Let me take a hyperlocal example of a newspaper distributor. In most major cities in the India, the newspaper distribution is virtually a monopoly. Every little nook and corner of the city is carved up in such a manner that at most one newspaper agent “services” the region, free of any competition. On the face of it, most of these agents seem to belong to just a few communities, and seem to respect each other’s boundaries as if they are conforming to some unwritten law. And most of the time, the system works. You get your newspapers and magazines delivered as per your preference, each morning, at your doorstep. And the service comes to you at no extra cost – the distribution fee is built into the cost of the publication.

But, what happens when the service standards falter? What happens if you get the wrong stuff delivered each day? Or if your favorite morning daily is delivered to you after you’ve left home for work? Yes, you can call and complain to your agent, but if his processes are broken or his staff inept, or worse, he couldn’t care less – most customers have no recourse to switch to a better alternative. In short, if shoddy services are meted out to them, they will just have to stick with it, or go out of their way each day to buy a copy from the local news stand.

Take another example of your Accountant. Once again, I speak of this in the Indian context, where prevalent Tax laws are so convoluted and ever-changing that there are very real exit barriers involved. Your “accountant” – the one who maintains your books of account and helps you file your tax returns – is not only well-versed with the regulations, but also an expert in your peculiarities and how things work specifically for you. And he/she is a vital component of the system, ensuring compliance with the law and advising you on making prudent investments, as you go through various life stages and business maturity cycles.

But, what happens if there are missed deadlines and constant reminders involved (from you to your accountant, and not vice versa)? What happens if you discover that you could have saved more tax under current provisions, but you were not informed of it in time? If the service delivery is short of expectations in this department, most of us would simply grin and bear it, because it’s not that easy to change your accountant mid-stream. I should know, since I’ve successfully attempted it on more than one occasion!

Which brings me back to my original question. But, now that we’ve understood the context in more detail, let us try and examine the issue in a new light: What if it was your business that enjoyed such a disproportionate power as a monopoly, or operated in an industry with high exit barriers?

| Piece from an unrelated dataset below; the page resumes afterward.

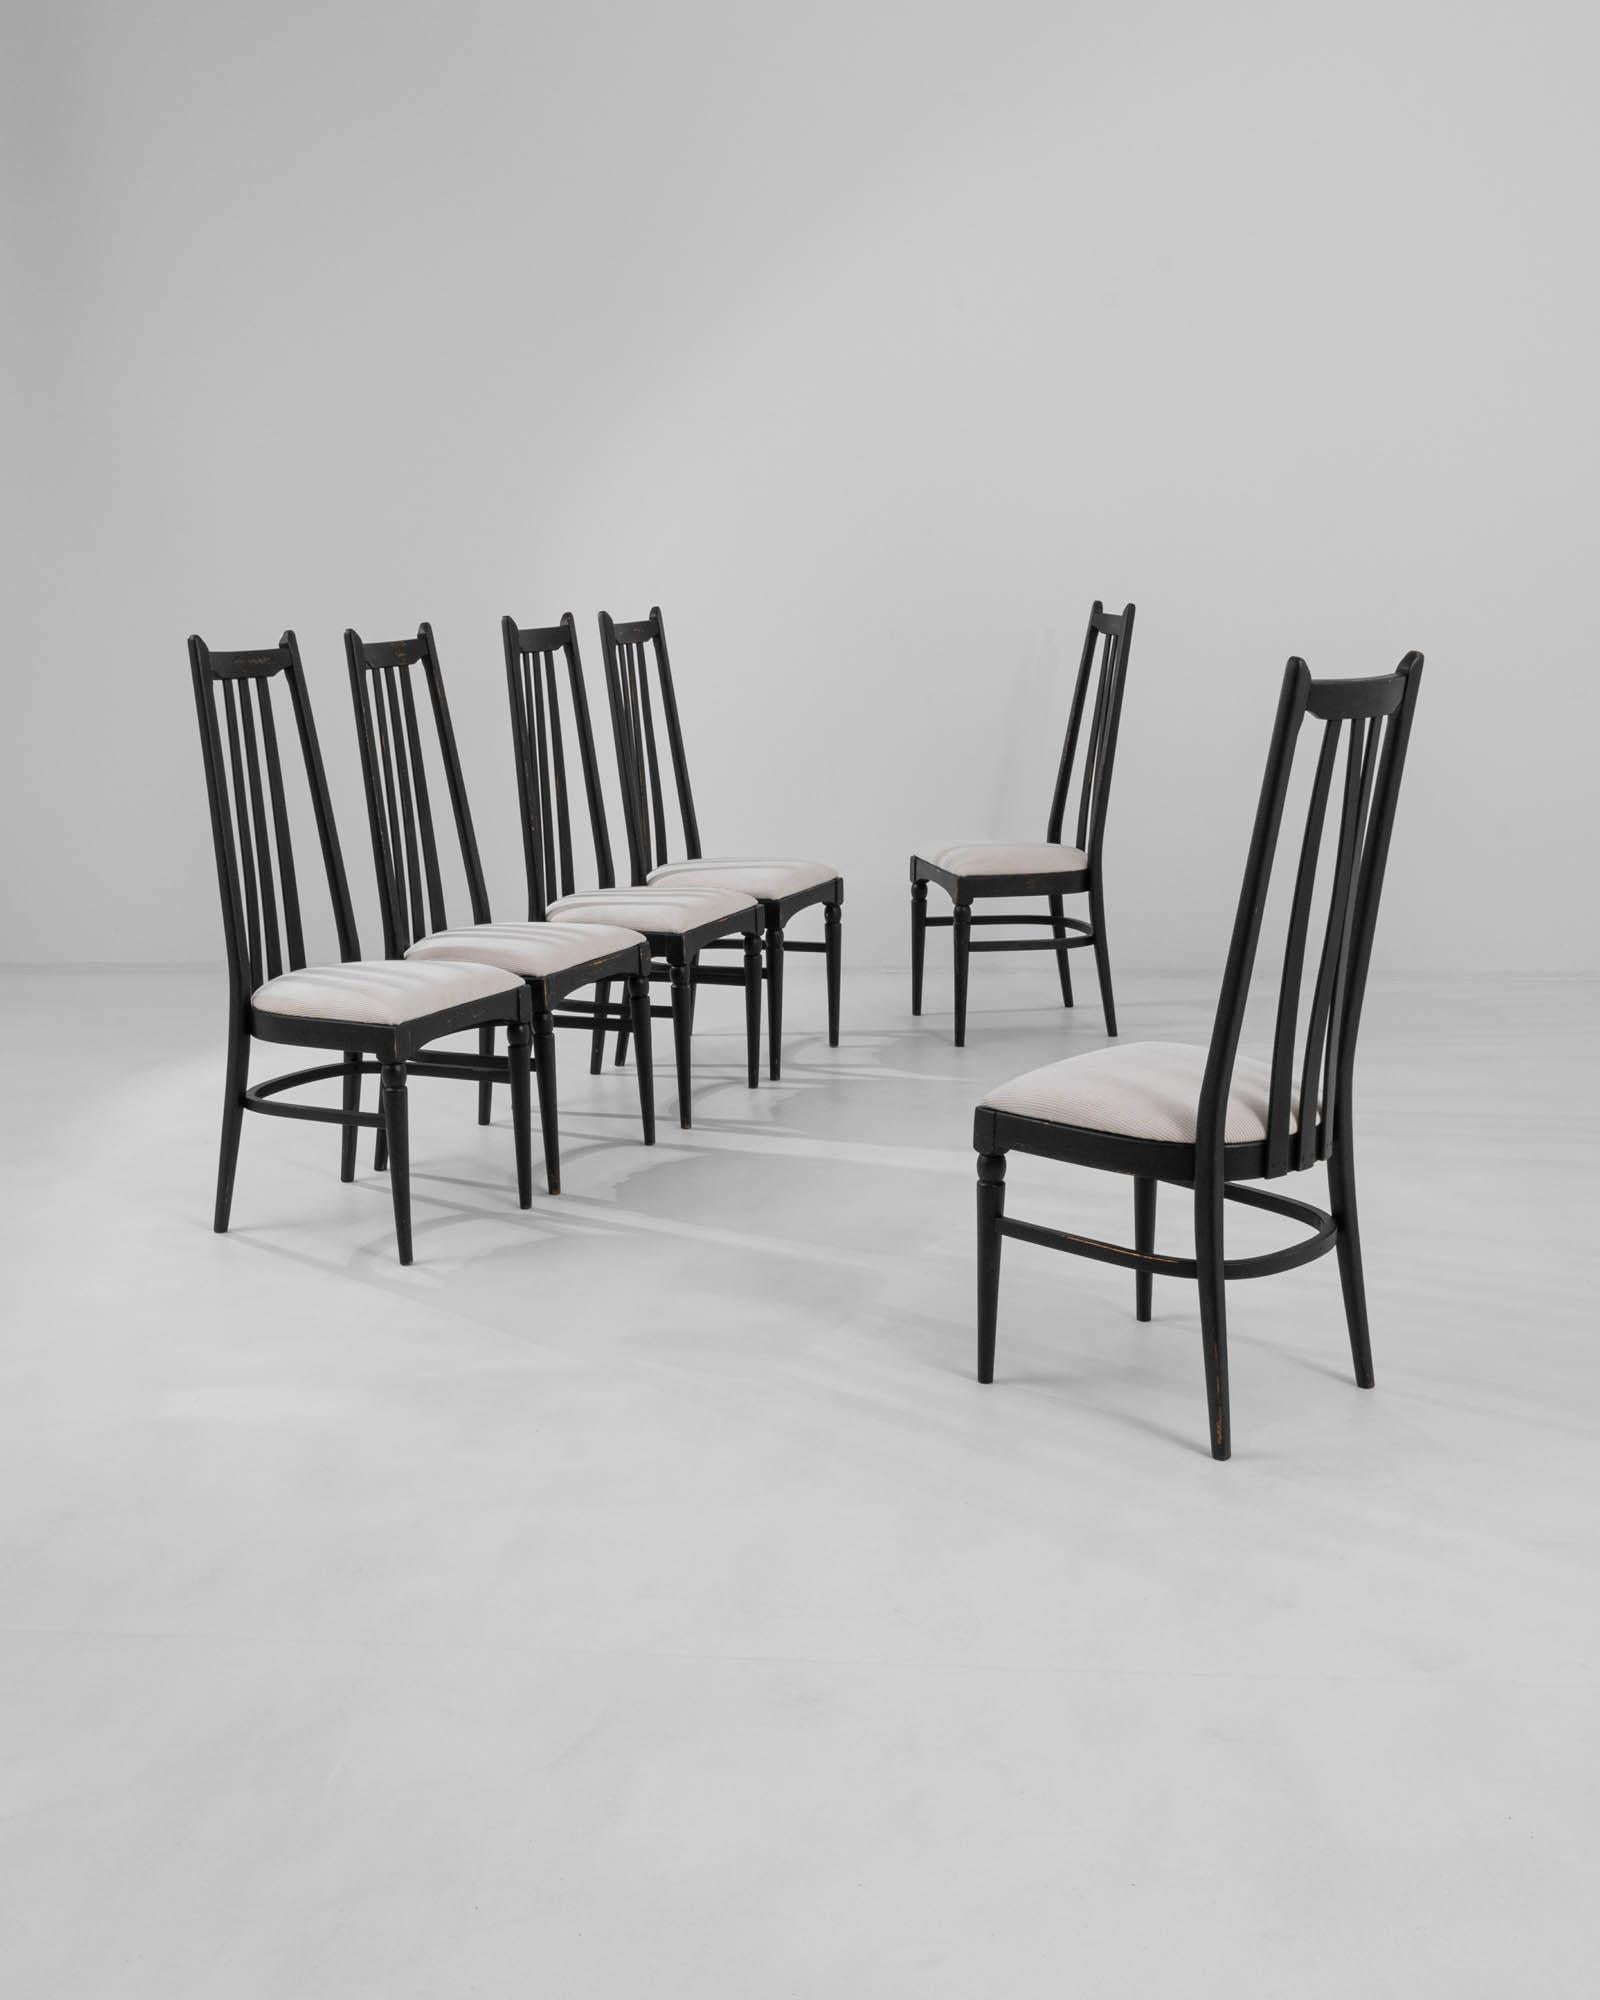 This set of six dining chairs, produced circa 1960 in Czechia, exudes a hint of gothic allure combined with mid-century modern style. The tall black backs, topped with minimalist finials resembling ears, and the sleek tapered legs, adorned with

Would you use such an opportunity to improve or lower your service standards? Would you invest any more in automation or new technology than you absolutely needed to? Would you make it easier for your customers to reach you, or avoid dealing with the extra hassle and costs involved? Would you want to listen to your customers and respond to their needs, or ignore them knowing that most are in a helpless situation anyway?

I know that most of us are part of organizations and businesses that do not enjoy such monopolistic protections. But the questions I have raised apply equally to us. In fact, even more so, considering that most businesses operate in fiercely competitive environments, where the other guy (competition) may be willing to bend over backwards to take a larger share of the market from us.

Are we doing enough to keep our customers close, respond to their needs, set and meet service benchmarks and invest in a consistent, brand experience for them? And if not, what are we waiting for?